I wrote my own simple API (and named it Architect) for the first agent. Since then I’ve found that it’s a great way to:

  1. Provide structured, consistent completion of some tasks
  2. Ring-fence some capabilities, and so create company IP

I recommend that you too make your own API if you are following along; and I intend to share the code with my loyal subscribers if that’s useful?

AI Automation API - My take: Architect API

API’s and Agents

As part of this blended approach I am mixing my own code-driven actions (via API), and external tool agents. I suspect this will give me the best of both worlds.

As AI agents get better at using tools (like my API), and protocols for doing so are established (like MCP servers), this modular approach seeks to balance exposure to changeable external tools against consistent ring-fenced outputs. 

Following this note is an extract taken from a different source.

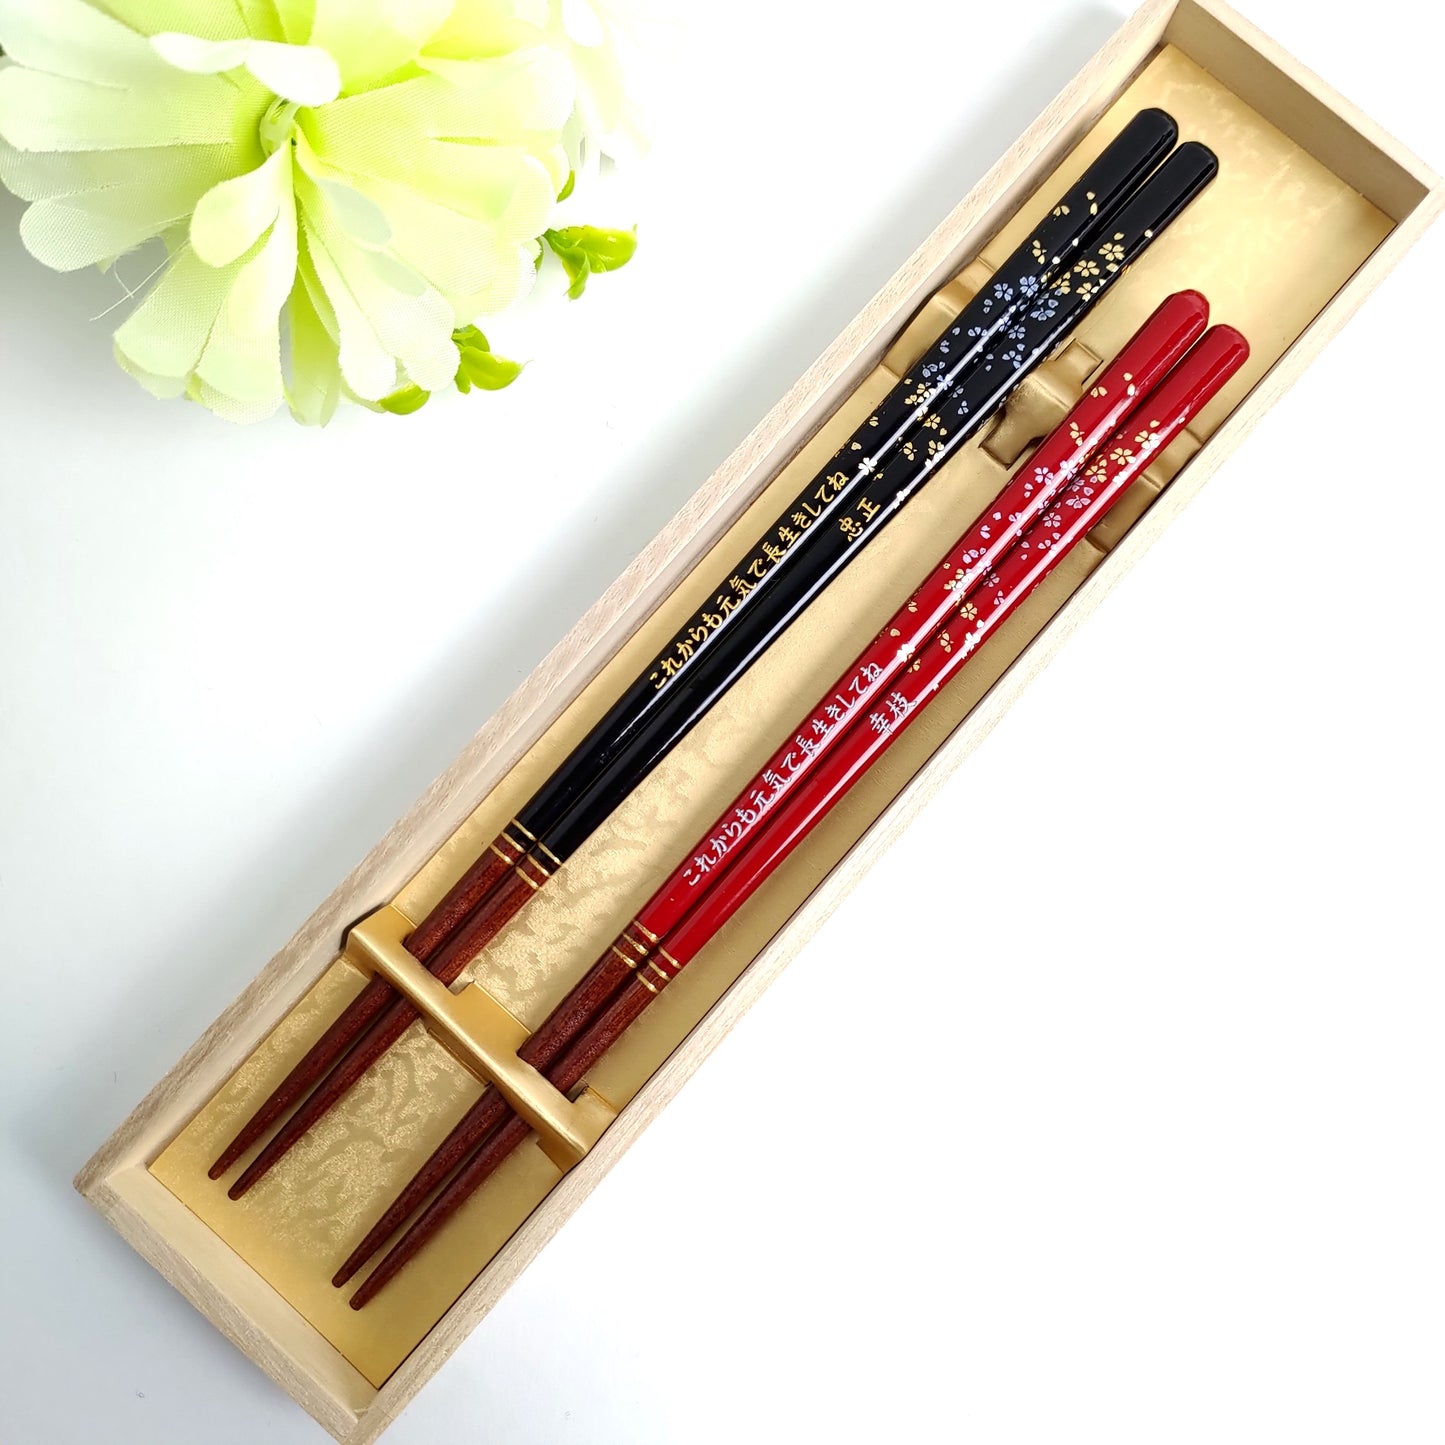 Sprinkled flowers Japanese chopsticks black red - DOUBLE PAIR WITH ENGRAVED WOODEN BOX SET

Modular agents are going to be key.

I intend to expose them via this API.

Reflections on My First two AI Agents

Making an AI Automated Business in 2025

I’m happy with the progress here, but on reflection, it’s not all gone super well:

  • Workflows are messy, need standardisation
  • It’s taking a lot of human setup work
  • Blending AI tools is going to be essential
  • I realised that making web directories is not particularly meaningful; but it is a good vehicle to test and practice all these skills
  • Reaching the limitations of AI – hallucinations and the fuzzy nature of LLMs mean we currently still need logic like ‘self-healing’ and ‘retry until we get the answer we want’
  • We need some form of structure or organisation platform
  • Fighting the urge to make my own tooling everywhere

From that I’m refocusing.

This is an experiment to get to know the tools; the higher the percentage of automation the better, but right now it’s kink-finding not breezy automation.

What’s Next

Now that these first two agents are semi-operational, (granted they’re like two cars held together by duct tape and dreams), I want to take a bit of time to find, or build out what I need to make them run smoothly.

I’m going to explore:

  1. Standardising Workflows: Expanding upon my start with FlowSpec
  2. Build a formal ‘help me human’ system which records human responses
  3. Try more tools, searching for a structural tool which can unify these parts
  4. … and if I don’t find a good unifying platform, build one

I hope by working on standardisation, unifying systems, and formally managing human input I can stack the deck in my favour for later experiments.

It’d be amazing if I can get AI businesses to build themselves; but that’s not possible without these tools.